Por otra parte, los inversores mayores de 50 años mostraron mayor disposición a identificar el producto correcto para sus necesidades de ahorro en el largo plazo respecto a los jóvenes. No obstante, el estudio detectó que sólo el 56% de esta cohorte de individuos tomó posteriormente la decisión adecuada. En líneas generales, la muestra española mostró aptitudes inferiores a la media europea del estudio para resolver el riesgo de longevidad. "Esto no es un buen augurio, dado que estos grupos de población tendrán que asumir más responsabilidad y ser más activos en lo que respecta a su planificación financiera y de jubilación que las generaciones anteriores ", apunta Marisa Aguilar.

Finalmente, los jóvenes españoles obtuvieron mejor puntuación que los mayores en las preguntas sobre diversificación y escenarios de liquidez: los mayores de 50 mostraron una disposición mayor a eludir la toma de decisiones adecuadas sobre riesgos, tomando en cambio riesgos innecesarios.

Por géneros, el estudio ha detectado que el porcentaje de respuestas correctas sobre educación financiera es un 34% superior en el caso de los hombres respecto a las mujeres (esta diferencia es prácticamente inexistente entre los menores de 35 años).
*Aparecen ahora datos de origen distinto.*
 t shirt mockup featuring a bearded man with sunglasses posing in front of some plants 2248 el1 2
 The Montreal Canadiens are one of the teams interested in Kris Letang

En cuanto a conocimientos de riesgo, la proporción es más del doble de alta. Estos resultados están en línea con la media europea. La diferencia, no obstante, ha residido en la proporción de mujeres que declaran ser responsables de la toma de decisiones financieras, que ha sido más baja en España respecto a otros países de la muestra.

Por localización, el estudio ha detectado que la brecha entre habitantes de áreas metropolitanas y no metropolitanas es superior a la media europea, y notablemente más pronunciada entre los menores de 35 años. También se han distinguido diferencias considerables en la percepción sobre la utilidad del asesoramiento financiero, en este caso entre los inversores con mayor y menor formación. Los inversores con más educación se mostraron de hecho muy positivos respecto a los beneficios de recibir asesoramiento. Aguilar encuentra igualmente preocupante este último dato, dado que “los grupos más propensos a percibir el asesoramiento financiero profesional como inútil son los que más se beneficiarían de él”, una tendencia que también es aplicable a los encuestados de la muestra portuguesa, indica. “A pesar de ello, la buena noticia es que la población en España y Portugal considera el asesoramiento mucho más útil que la media europea", concluye la responsable de ventas.